Recent progress has identified impartial selection rules with optimal approximation ratios. It was noted though that worst-case instances are graphs with few vertices. Motivated by this fact, we propose the study of additive approximation, the difference between the highest number of nominations and the number of nominations of the selected member, as an alternative measure of quality. We present randomized impartial selection mechanisms with additive approximation guarantees of o(n), where n is the number of nodes in the input graph.
We furthermore demonstrate that prior information on voters’ preferences can be useful in the design of simple (deterministic) impartial selection mechanisms with good additive approximation guarantees. In this direction, we consider different models of prior information and analyze the performance of a natural selection mechanism that we call approval voting with default (AVD).
The talk is based on joint work with George Christodoulou and Nicos Protopapas. No advanced mathematical background (besides basic knowledge on graphs and probability) is required to follow the talk.

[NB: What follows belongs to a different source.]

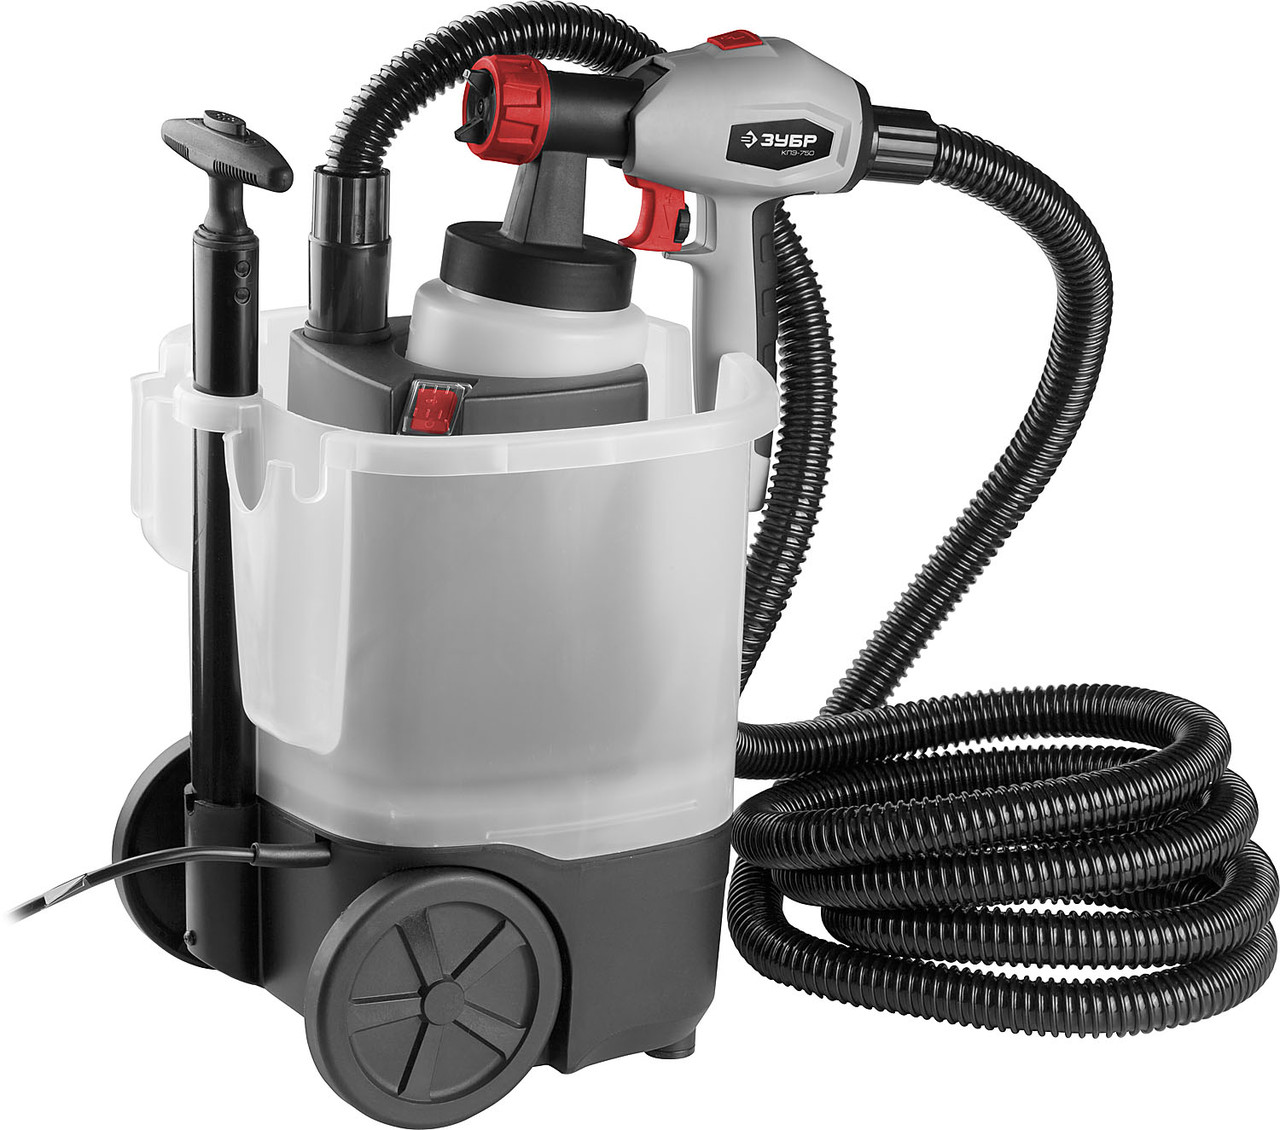 (КПЭ-750) Краскопульт (краскораспылитель) электрич, ЗУБР КПЭ-750, HVLP, 0.8л, краскоперенос 0-800мл/мин

Bio: Ioannis Caragiannis joined the Department of Computer Science of Aarhus University as a professor in August 2020. Before, he was a faculty member at the Department of Computer Engineering and Informatics of the University of Patras (since 2006), where he served as Director of its Division of Foundations and Applications of Computer Science (2017-2020). His research interests include design and analysis of algorithms, economics and computation, and foundations of machine learning and artificial intelligence. He has published 160 papers in conference proceedings, scientific journals, and books, and has participated in basic research projects funded by the European Commission and the Greek state. He regularly serves as a program committee member in conferences at the interface of theoretical computer science, artificial intelligence, and economics, such as ACM Conference on Economics and Computation (EC) and the International Joint Conference on Artificial Intelligence (IJCAI). Recently, he was program co-chair of the 15th International Conference on Web and Internet Economics (WINE 2019). Ioannis Caragiannis is a member of the Association for Computing Machinery (ACM, SIGACT, SIGECOM), the Association for the Advancement of Artificial Intelligence (AAAI), and the European Association for Theoretical Computer Science (EATCS).